Für die Zukunft gibt es laut Prognosemodell des Instituts für Arbeitsmarkt- und Berufsforschung (IAB) der Bundesagentur für Arbeit (BA) keinen Grund zur Entwarnung. Im Gegenteil. Bis 2030 wird sich die Fachkräftelücke nochmals deutlich erhöhen. Ab Mitte der Zwanzigerjahre wird die Demografie voll durchschlagen und das Durchschnittsalter der Belegschaften wird deutlich zulegen.

 

„Die Prognosen sprechen für sich. Jetzt kommt es darauf an, dass wir gemeinsam mit der Wirtschaft und den Schulen wirksame Gegenmaßnahmen ergreifen, die Qualifizierung von Quereinsteigern könnte eine Lösung sein. Eine Ergänzung ist, über die Attraktivität des Salzlandkreises und deren Beschäftigungsmöglichkeiten zu berichten und somit Berufspendler und junge Familien zur Rückkehr in den Landkreis zu bewegen. Allein das wird nicht reichen, wir brauchen weiteren Zuzug, auch aus den nichteuropäischen Ausland “, ist Huth überzeugt.

 

Steigenden Engpässe bieten gute Chancen – Arbeitsagentur hilft bei Ausbildung und Qualifizierung.
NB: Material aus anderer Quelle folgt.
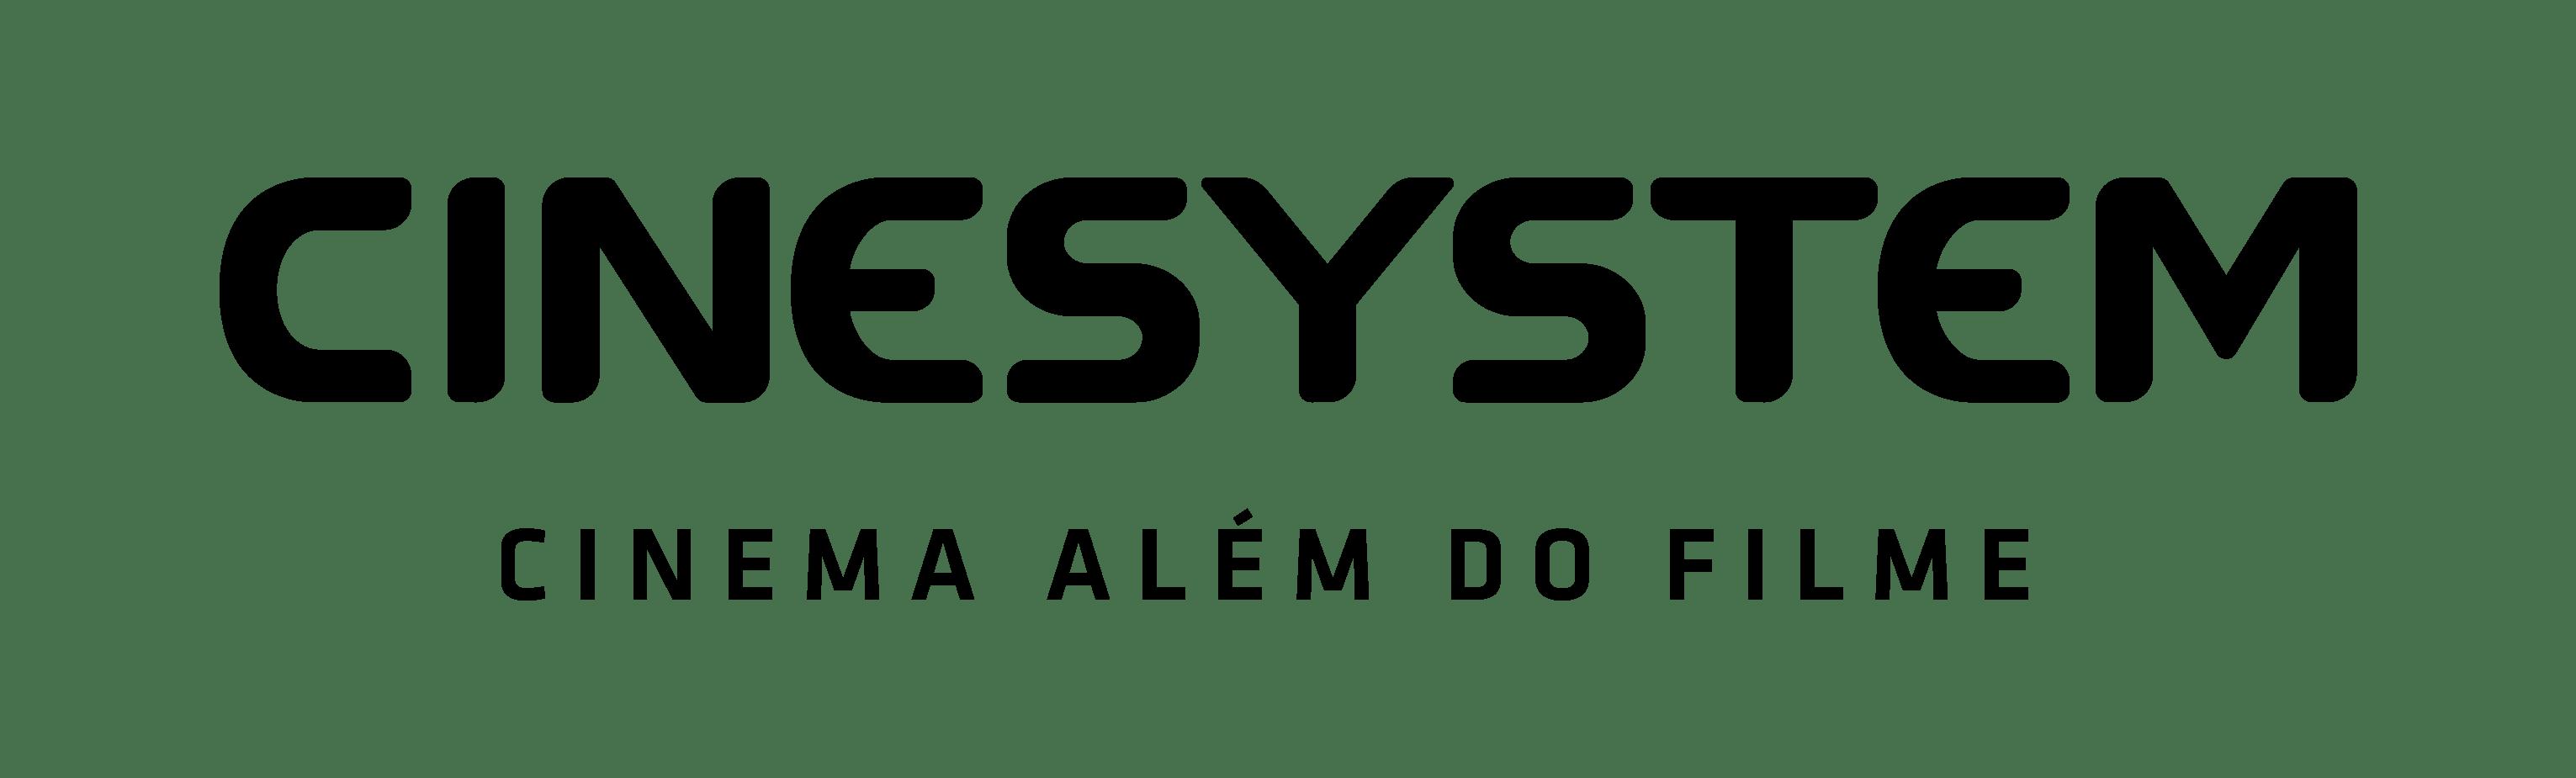 Cinesystem - Preta-01 (1)

Das bringt weiter!

 

„Gerade für Quereinsteiger und Berufswechsler, die sich beruflich verändern wollen, bieten Engpassberufe gute Chancen auf eine sichere Beschäftigung. Als Arbeitsagentur unterstützen wir konkret auf den regionalen Bedarf zugeschnittene Qualifizierungen, dass seit Jahresbeginn geltende Qualifizierungschancengesetz hilft dabei“, informiert Anja Huth.

 

Ausbildung nicht vergessen

 

Das aktuelle Handeln darf vorausschauendes Agieren nicht ausschließen: „Unternehmen die vorausschauend für ihre Bedarfe werben und Azubis an sich binden haben einen entscheidenden Wettbewerbsvorteil“, so die Agenturchefin abschließend.